Western's Freedom: Legality and Legitimacy

in #goverment6 years ago (edited)


With everything that is happening in the world today, I am referring to censorship, the alienation of goods, imprisonment for drug use or tax evasion, among other problems that affect our freedoms, a need arises with respect to political power and the exercise of the powers, faculties, functions and attributions that derive from it, it is necessary to distinguish between the concept of legality and that of legitimacy.

The difference between legality and legitimacy has been a fundamental issue of political theory and law since the beginnings of human thought. To understand these concepts it is necessary to understand what the law means. At present, the Act is nothing more than a set of rules of conduct whose failure to comply with it is punishable by penalties. Whether the law corresponds to positive law or natural law.

Legality is related to the observance of and respect for the rules in force; it refers to the application of the rules laid down in positive law both for access to power and for the use and exercise of power, and for the taking of decisions and the issue and enforcement of the corresponding acts.

Legality then is everything that occurs within the legal framework given as valid by the whole social body. An act is legal when it does not violate a rule; thus, crossing the green light, throwing out the garbage according to the time stipulated by municipal regulations or not stealing from the neighbor are legal behaviors as long as they do not violate any law.

Legality is certainly an easier concept to apply since it is not as abstract as its counterpart. Sometimes we understand that certain behaviour is legal but illegitimate; for example, it may be that criticising neighbours is not a crime and therefore not "illegal"; however, we understand that it is not a legitimate act to speak ill of someone behind their back. We see that morality is not contained by the legal, but rather the opposite; and this is further complicated when we discover that sometimes the legal is opposed to what we feel is legitimate.

Legitimacy refers to the conformity between the same concepts of legality, legitimacy is associated with moral concepts since it is an abstract concept. When I refer to legitimacy, I am referring to the collective feeling, the widespread conviction in society about how and within which values it wants to be governed, which leads to the acceptance by the community of acts and decisions, in the understanding that they are in line with the prevailing set of principles.

When we reflect on where we are going as a society and realize the indirect changes we are undergoing in our ideological foundations, we realize that change is necessary and worthwhile. When we look at states threatening their citizens with taxes, which technically is theft, a way of distributing wealth, a way of taking away from those who earn their money hard to put it into the hands of those mediocre people who do not contribute to the betterment of society but live off it, we really understand what is happening and how necessary change is.

A rule, mandate or decision can be legal but illegitimate acts. A government may alienate a person's resources, by means of popular vote in a democracy making it legal, and thus be a legal government, but it may be illegitimate from the outset because it has succeeded by cheating, or it may fall into illegitimacy because of its behaviour in the exercise of command, when it abuses power and breaks with the values and principles postulated by society, or when it betrays the trust placed in it, seeking its own benefit in order to maintain a world status quo and not the will of its own people, or when it tramples on the rights and freedoms of its own people. Perhaps the most common European example today is the violation of freedoms, a clear example of Britain where the will of the people was never carried out, where privacy does not exist and where freedom of expression is increasingly censored.

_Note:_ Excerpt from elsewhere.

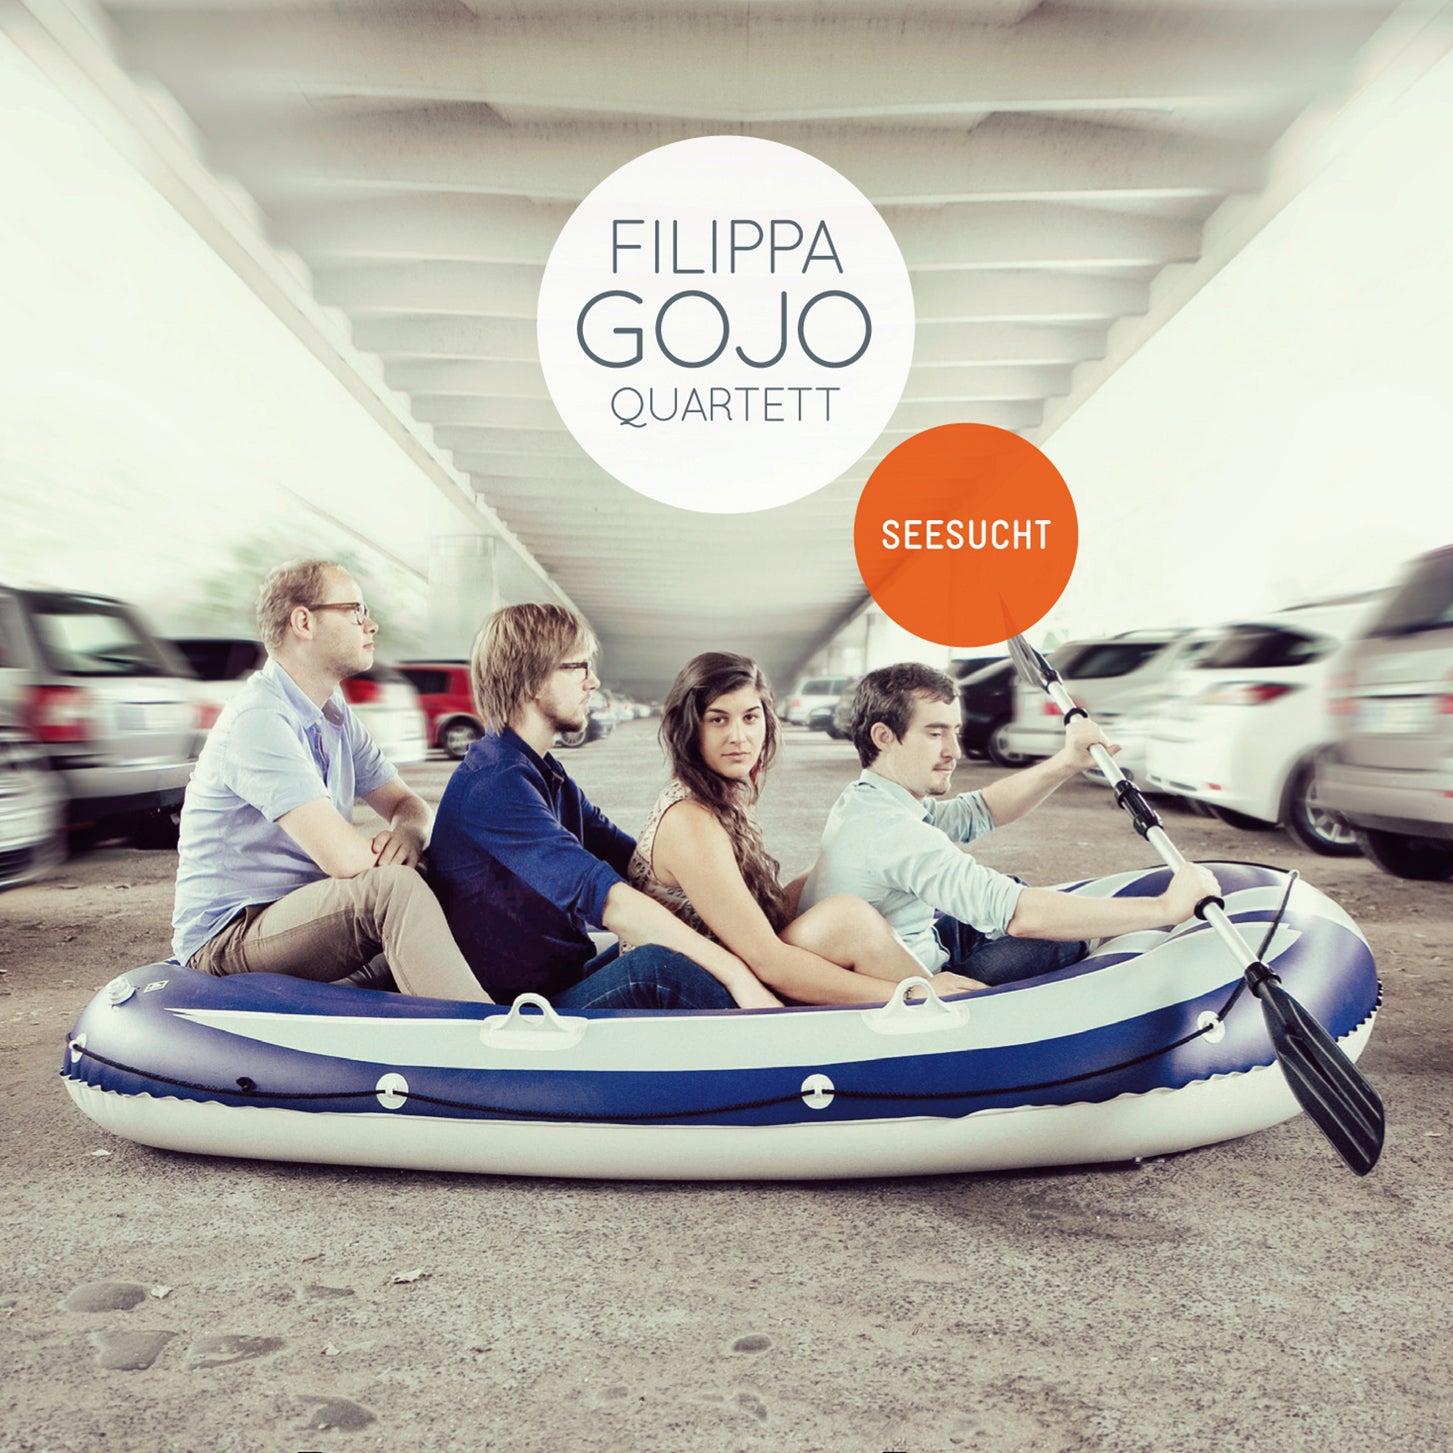 Filippa Gojo Quartett - Seesucht (CD)

When we look at the persecutions and violations of rights such as freedom of expression that are taking place in the West today, we understand that such acts do not shock society today, we do not care if our neighbor's freedoms are violated as long as I preserve mine, but how far will we go with this? until we are all consumed by the hand that punishes? until we follow the legal ways of the state get there? until the state will ignore legitimacy? until the state will ignore legitimacy?

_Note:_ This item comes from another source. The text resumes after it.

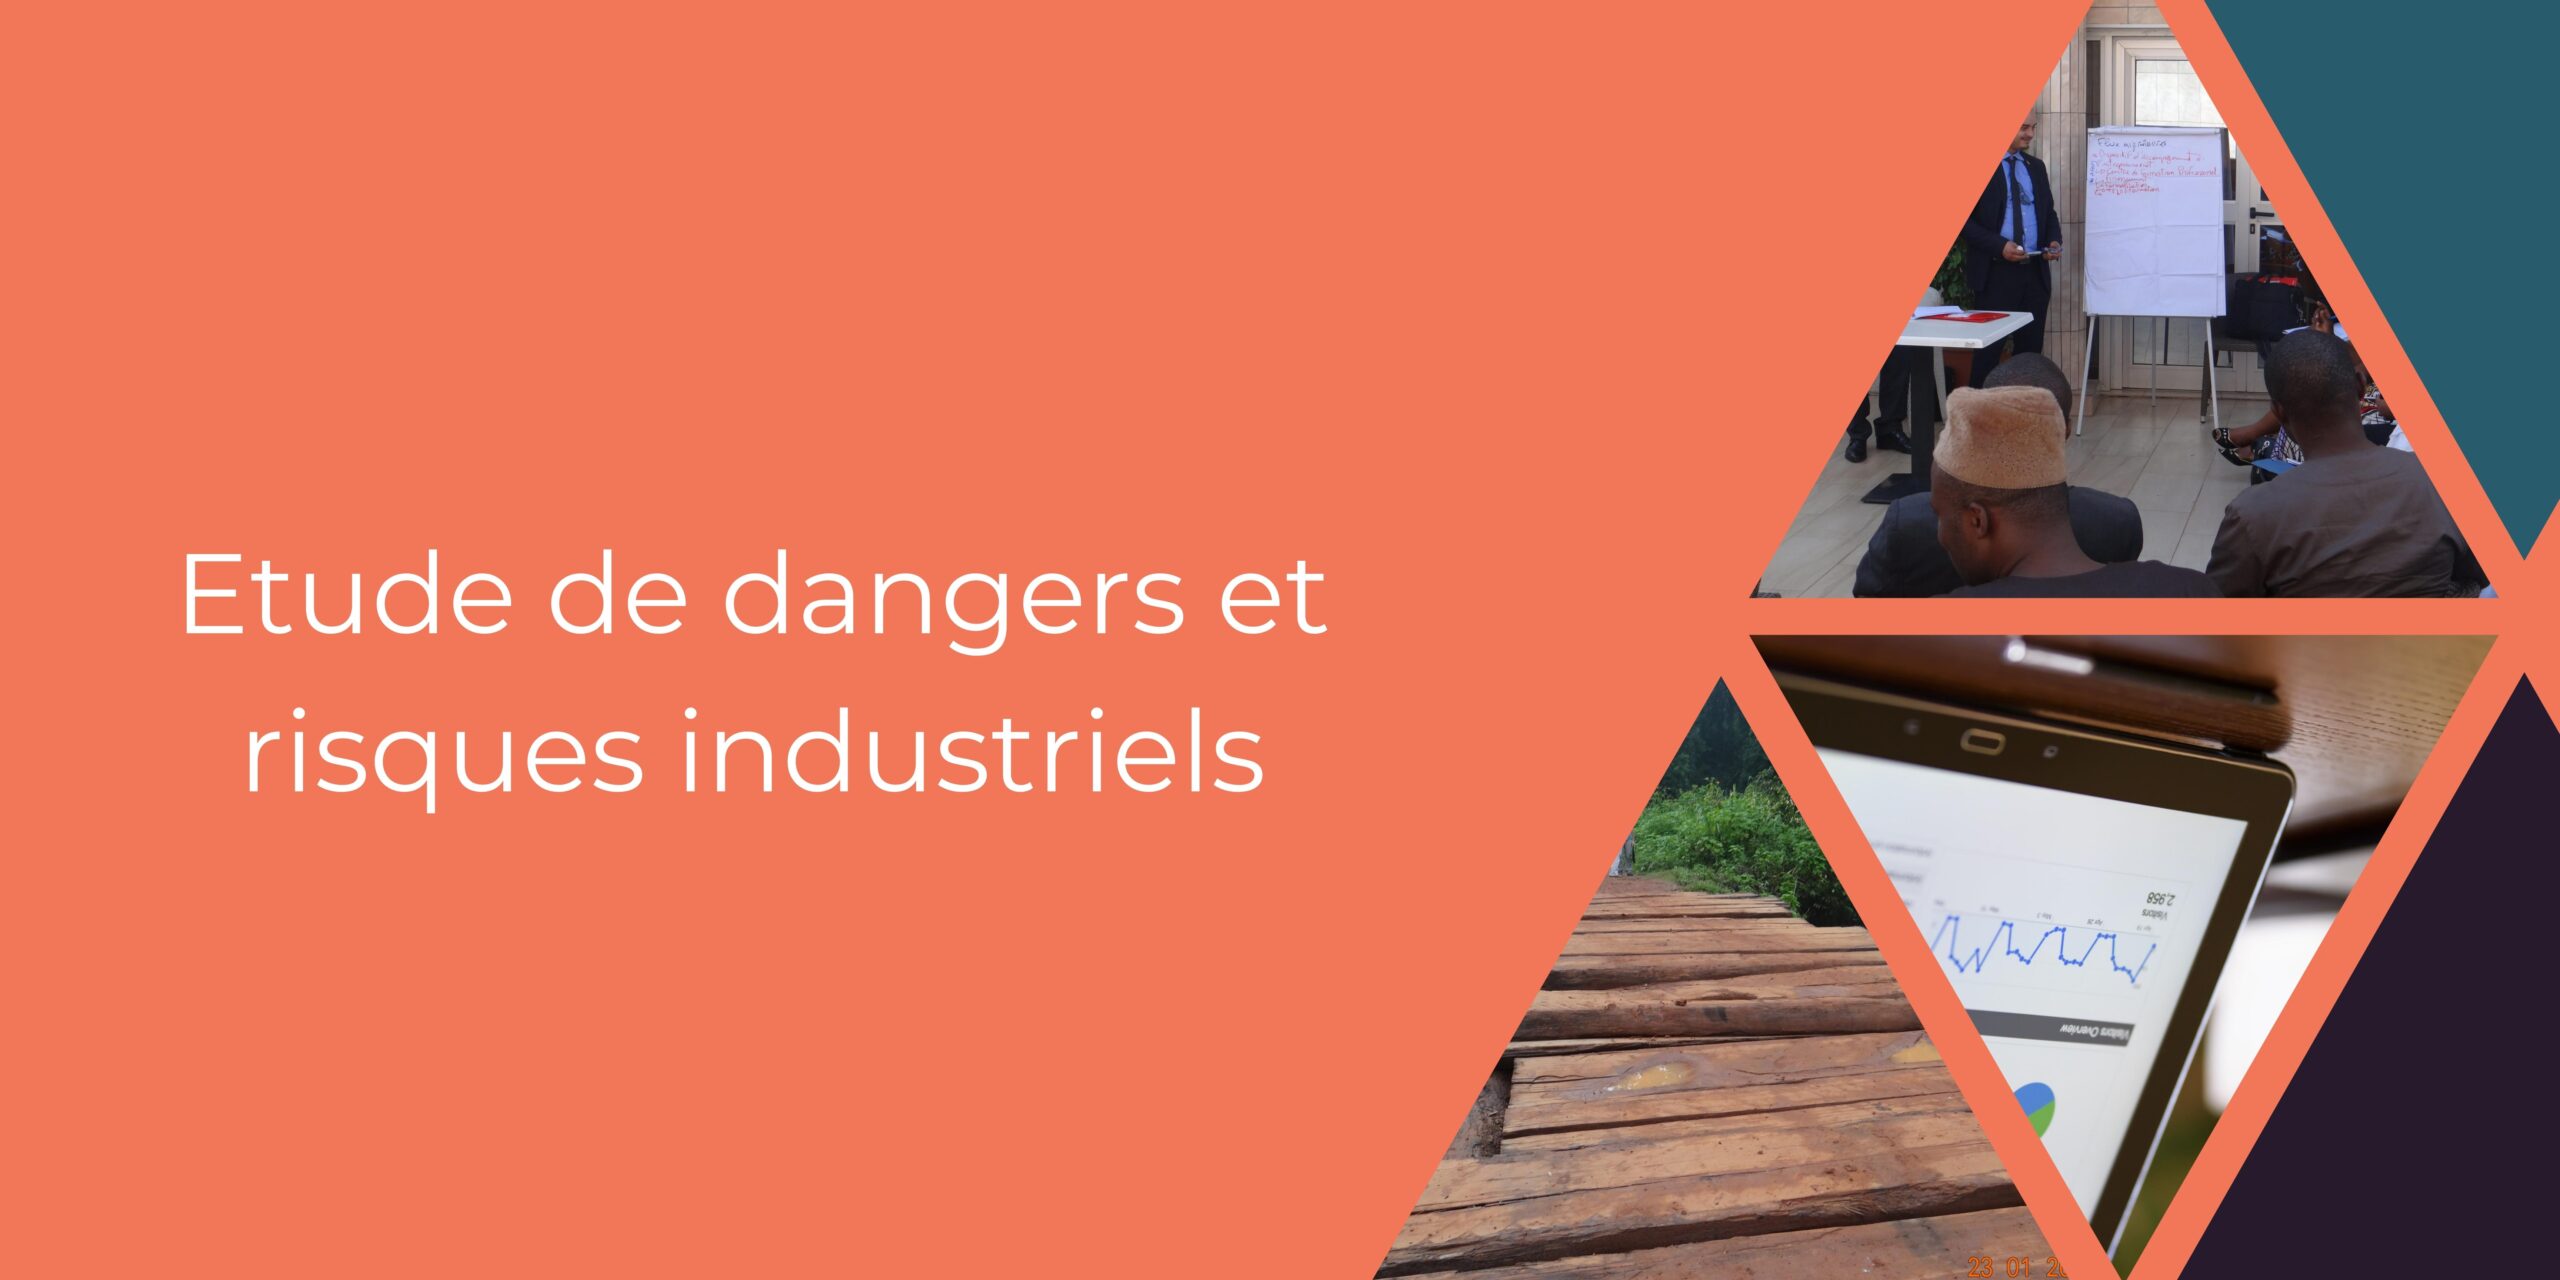 Etude de dangers et risques industriels

Is it legitimate then for someone to oppose the laws of the state? I think most readers will agree that a man who violates these laws would not act illegitimately but would act illegally. These conflicts do not only arise when we look back or compare our systems of law with those of other cultures. Today, this conflict between legality and legitimacy is more vivid than ever and the debate is continually reopening.

It is a complex task to determine which are the inalienable individual rights that cannot be denied to any man regardless of the society in which he lives and its laws, due to the plural human cultures and traditions that coexist on our planet. However, despite this difficulty, there are also abuses that the vast majority of the world's population recognizes as such, however legal they may be: the slow extermination of the Roghinya people, the wars in the Middle East, modern slavery.

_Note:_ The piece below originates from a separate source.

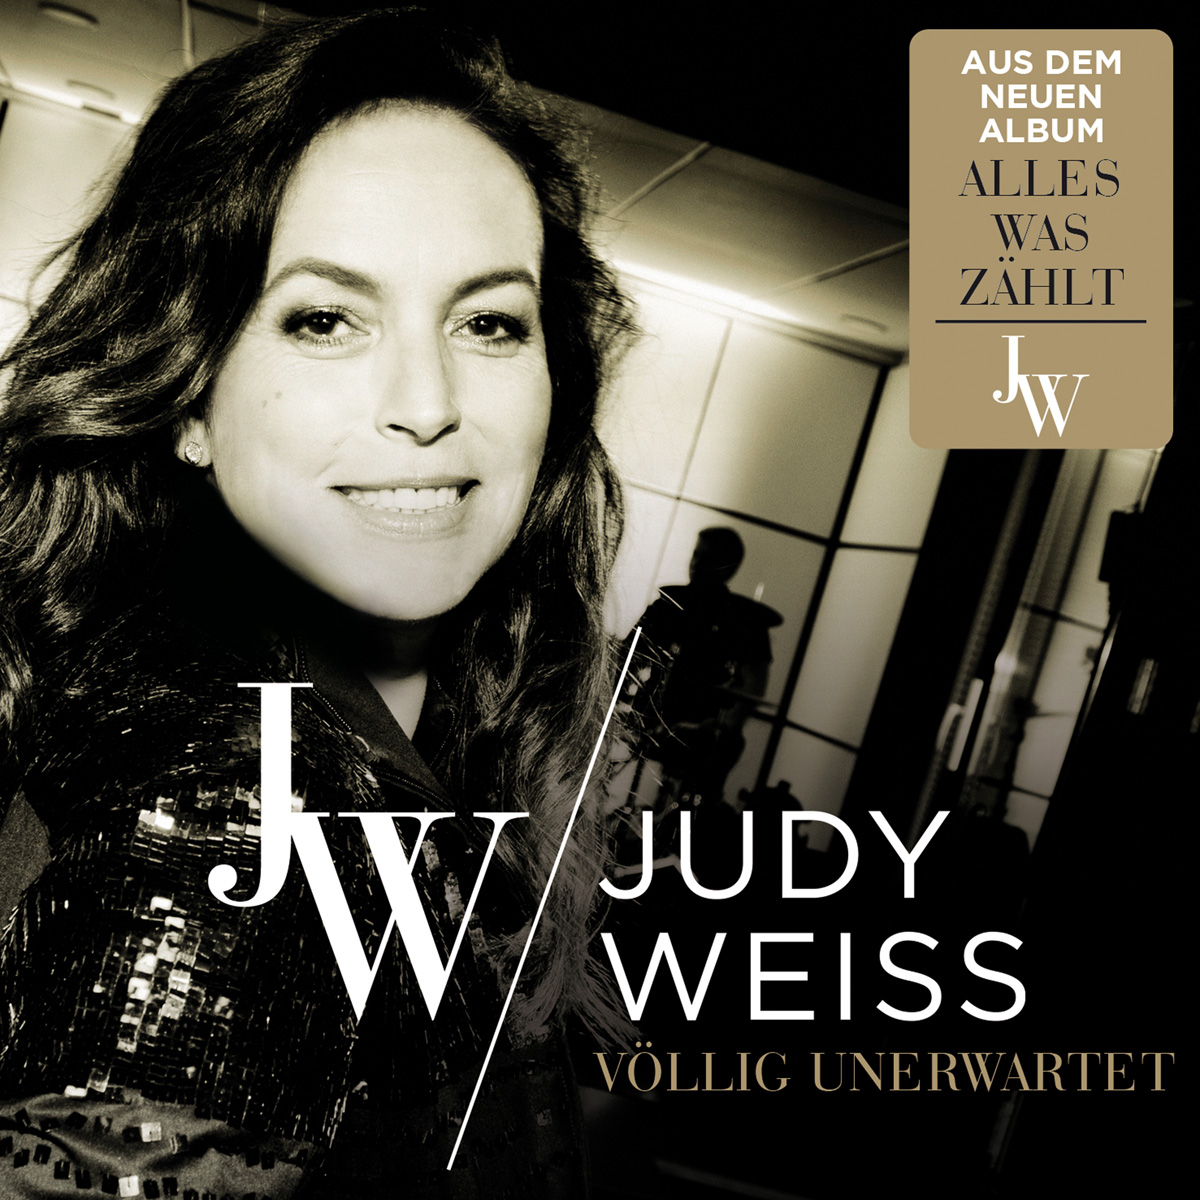 Judy Weiss - Völlig unerwartet

The current crisis of values in Europe has cruelly highlighted this conflict between the law and the just and legitimate. When the law condemns a person to imprisonment for having stolen a person's property, we may doubt that such a law is legitimate; but when the very people who uphold such laws pardon others who, because of their influence, social status or power, do not suffer the repercussions of their actions, we should have little doubt about the legitimacy of such laws and rulers. Therefore, just as a German citizen was morally authorized to disobey certain laws under Nazi oppression, we are today questioning our degree of obedience to laws that apply by violating basic human rights and using violence.

In short, the theoretical question of the relationship between legality and legitimacy has obvious practical and political consequences that should not be neglected in the analysis.